We did have a couple of New Years days about 5 years ago where it was shorts and T shirt weather but some early snow had closed the FS gates so they were a bit less bonus.

So what gems are on your list if the snow holds off until after the official start of winter season?
 
I did Bondcliff last Saturday and did not need traction at all. Besides a couple of 4ft patches towards the top the trail was clear. The clouds lifted for about 20 minutes just when I reached the the top. I considered that to be a bonus ;-)

Back when I was working on my winter 4ks years ago, there were a couple of winters in row where winter conditions didn't really start until mid to late January. FS roads were left open until mid January and trails were not snow covered. About the strangest conditions were a hike up Jefferson via Caps Ridge trail from the parking lot after driving up Jefferson Notch road from the north end on January 2nd. It was not a fluke that day as another group drove up from the base station road (which at the time was officially closed in the winter). Temps were winter time cold but no snow. The same early winter we did a southern presi traverse from Tucks to Crawford Notch as a bare boot. We also did Bondcliff as an out and back from Lincoln Woods with no traction needed except for the steep ledge at the top. Eventually it did snow and there was a snowpack both years but compared to a normal winter it was a bit of a bust.

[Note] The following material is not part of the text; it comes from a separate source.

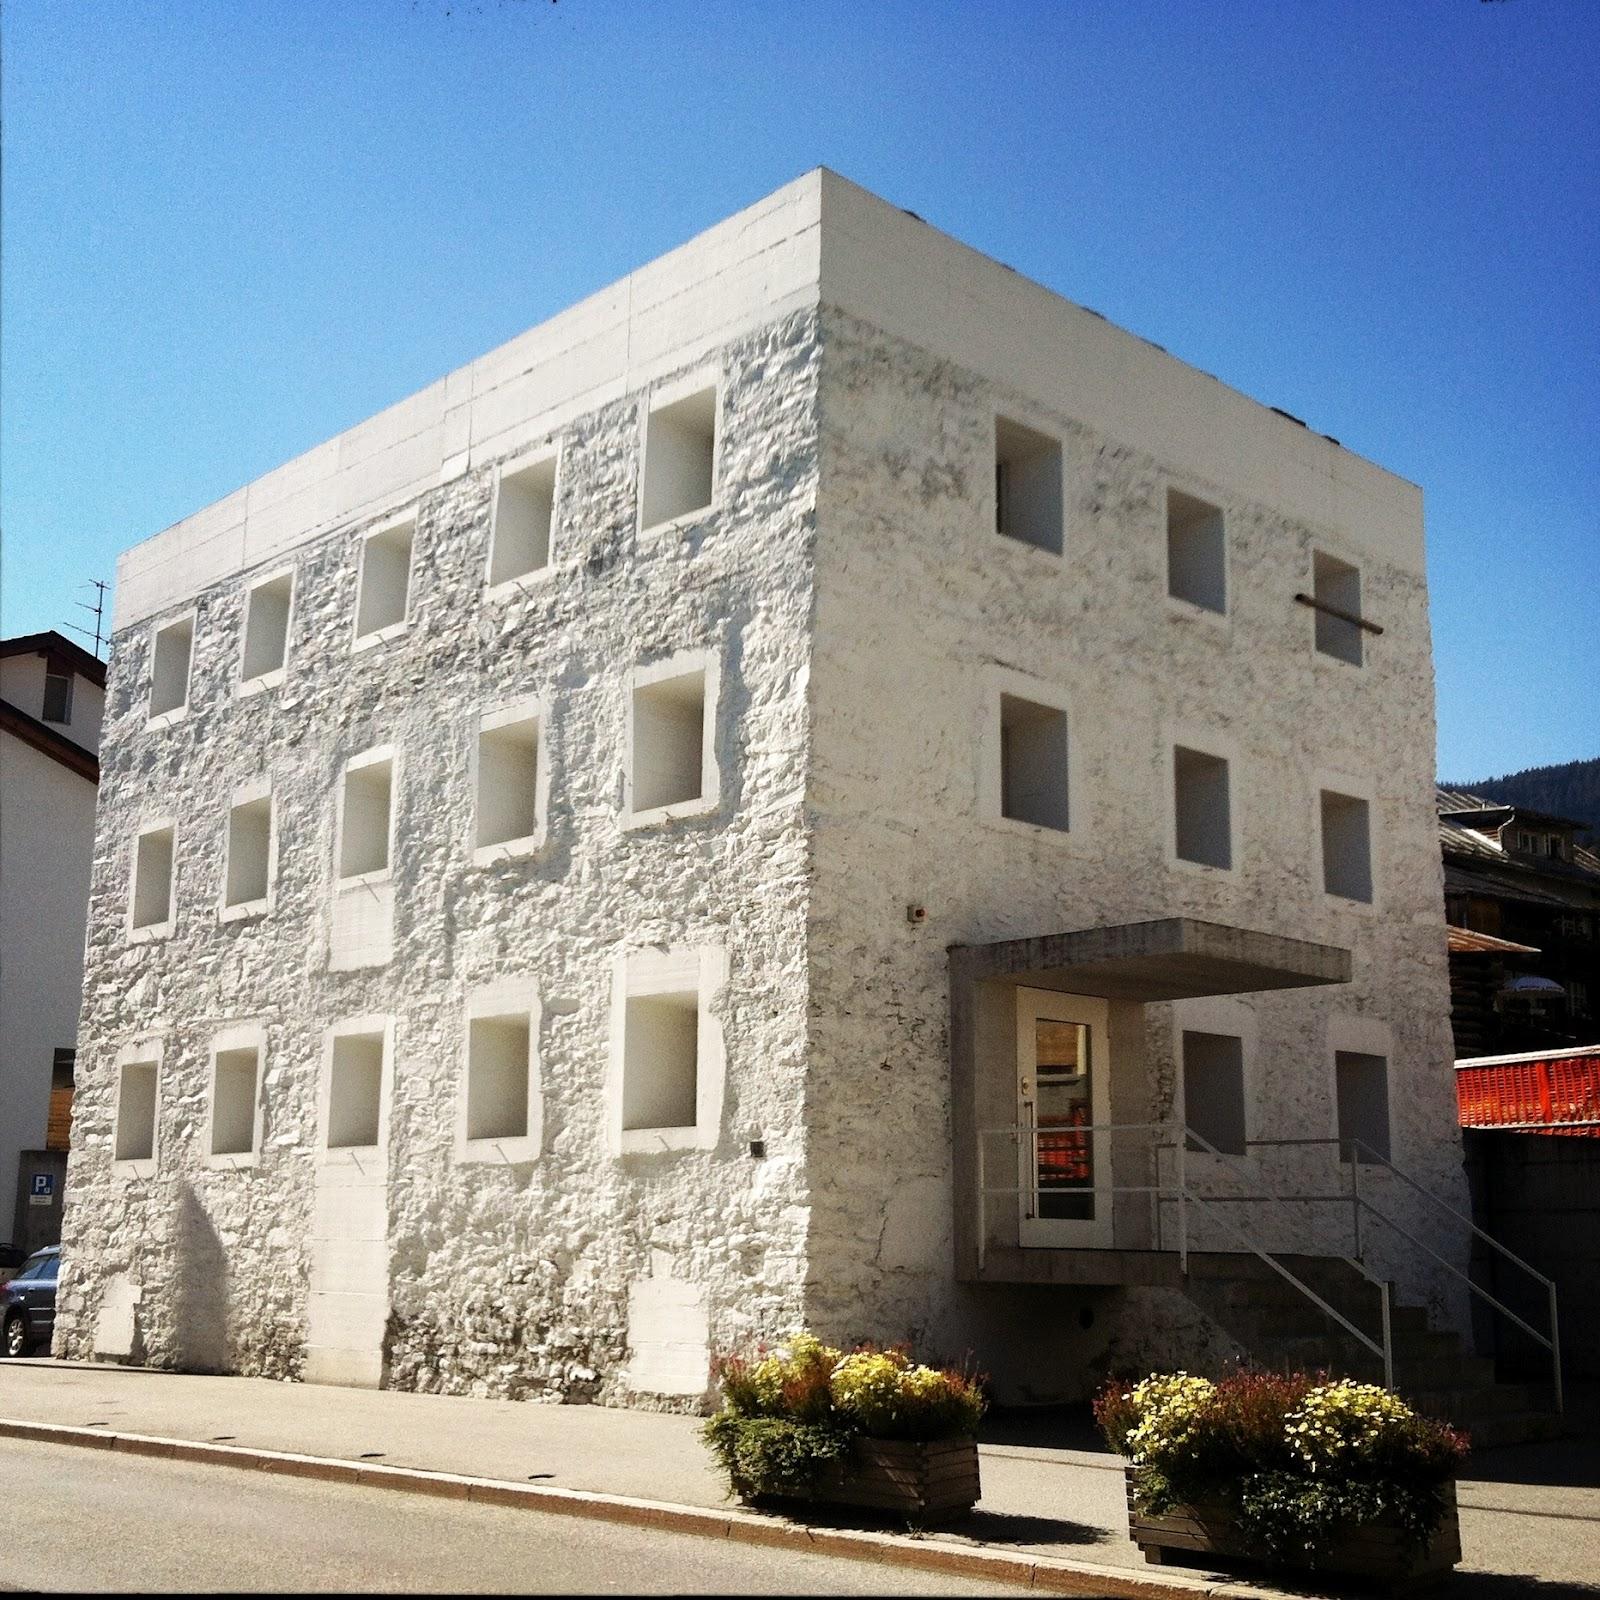 John Bauermuseum Das Gelbe Haus Olgiati

We did have a couple of New Years days about 5 years ago where it was shorts and T shirt weather but some early snow had closed the FS gates so they were a bit less bonus.

So what gems are on your list if the snow holds off until after the official start of winter season?
 
Anything that would normally would involve a road walk would be a huge bonus for me: Garfield, Galehead, Carrigain, Zealand, etc. I despise road walks.... :mad:
 
Daughter and I have been asking this question with Tuesday 12/22 in mind. Jefferson via Caps is the obvious candidate, but it sounds like the winds are going to be a bit much. If the forecast doesn't change we're probably in for Galehead with an option on South Twin. Maybe Moosilauke if it starts to look like a just-maybe-above-treeline kind of day.

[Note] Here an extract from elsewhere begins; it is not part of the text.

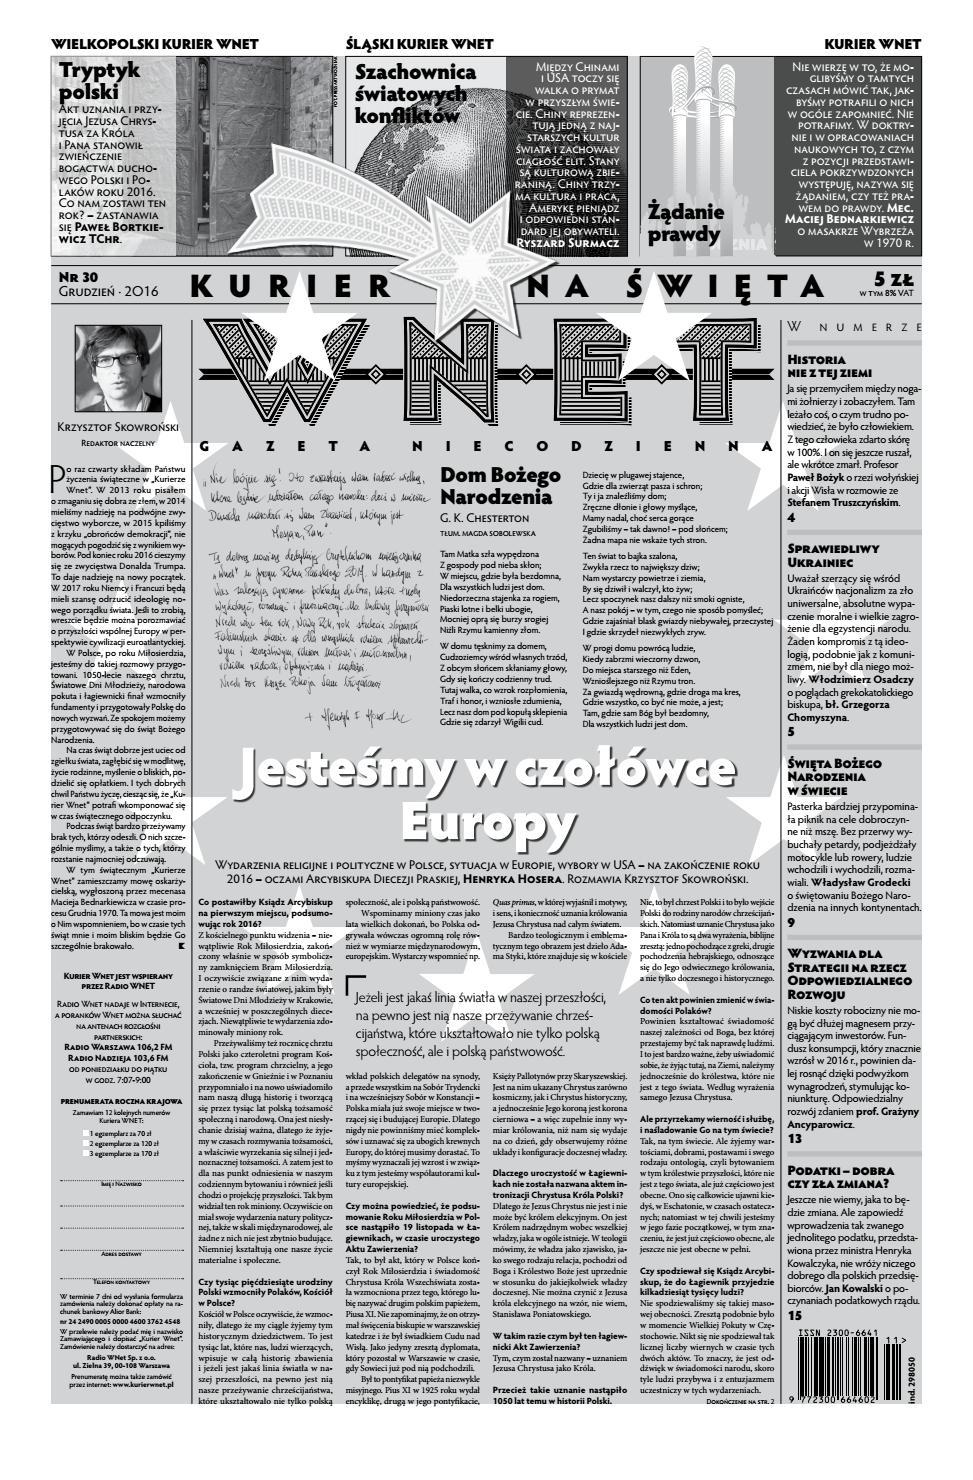 Kurier Wnet Gazeta Niecodzienna Nr 30 Grudzień 2016 By

Good luck to those who go --
 
I have Carrigain booked for Saturday assuming the gate doesn't get locked between now and then
 
I have Carrigain booked for Saturday assuming the gate doesn't get locked between now and then
The WMNF Forest Road Status page shows that the Sawyer River Road will be closed on Dec. 23.
 
Daughter and I have been asking this question with Tuesday 12/22 in mind. Jefferson via Caps is the obvious candidate, but it sounds like the winds are going to be a bit much. If the forecast doesn't change we're probably in for Galehead with an option on South Twin. Maybe Moosilauke if it starts to look like a just-maybe-above-treeline kind of day.

Good luck to those who go --

That was also my plan: Jefferson to Pierce. However, speaking with NHDOT today they indicated they thought the road was closed due to snow but no one could give me 100% answer. The weather, in terms of wind, has improved to a moderate 30's prediction but the drizzle could be a bit much and make the ridge a sufferfest.
Sawyer road has been reported to be open so I may opt for that instead.
 
We're kinda bummed about the forecast -- it's looking pretty sour for tomorrow. If we do anything at all it'll be a quick in and out to Hale, but it's looking like it might be a better day to do something else. Cold rain = yuck.
 
What a Bummer

It was closed THIS morning when I attempted to go to carrigain
I did Jackson field Tom and willey instead. It was wet for sure. Trails are sloppy. Goretex boots had water in them after 8 hours of hiking

Anyone know about Jefferson notch road? I was hoping to sneak up Jefferson the easy way tomorrow. Possibly do the southern traverse
 
Jefferson notch was open as well as Clinton Road. Did Jefferson, Wash, Monroe, Eisenhower and Pierce today.
 
Took the standard Airline, Star Lake, Valley Way route over Adams yesterday. Not many people out there but ran into a few doing traverses. The wind picked up periodically but it was warm enough above tree line. I sat at Star Lake for a good 30-45 minutes before dropping below tee line to cook dinner and coffee. I was hoping for a full clear night with full moon light above tree line, but eventually headed out when the skies seemed to stay hazy. Walked out to Appalachia a bit after 9 with headlamp. Clear sky from the valley as expected. To say yesterday was a winter hike of Mount Adams is a technicality of the calendar. :rolleyes: No harder than in summer, maybe easier without the heat. No traction needed anywhere. A few bits of ice and snow in the shadows.
 
Hiking the Cats on Saturday I just kept thinking about the early spring hike we did over the Carters and how that didn't 'count', but that this did. The calendar requirement is somewhat arbitrary, but it's certainly not subjective (such as saying it might be 'snow covered' or 'winter conditions').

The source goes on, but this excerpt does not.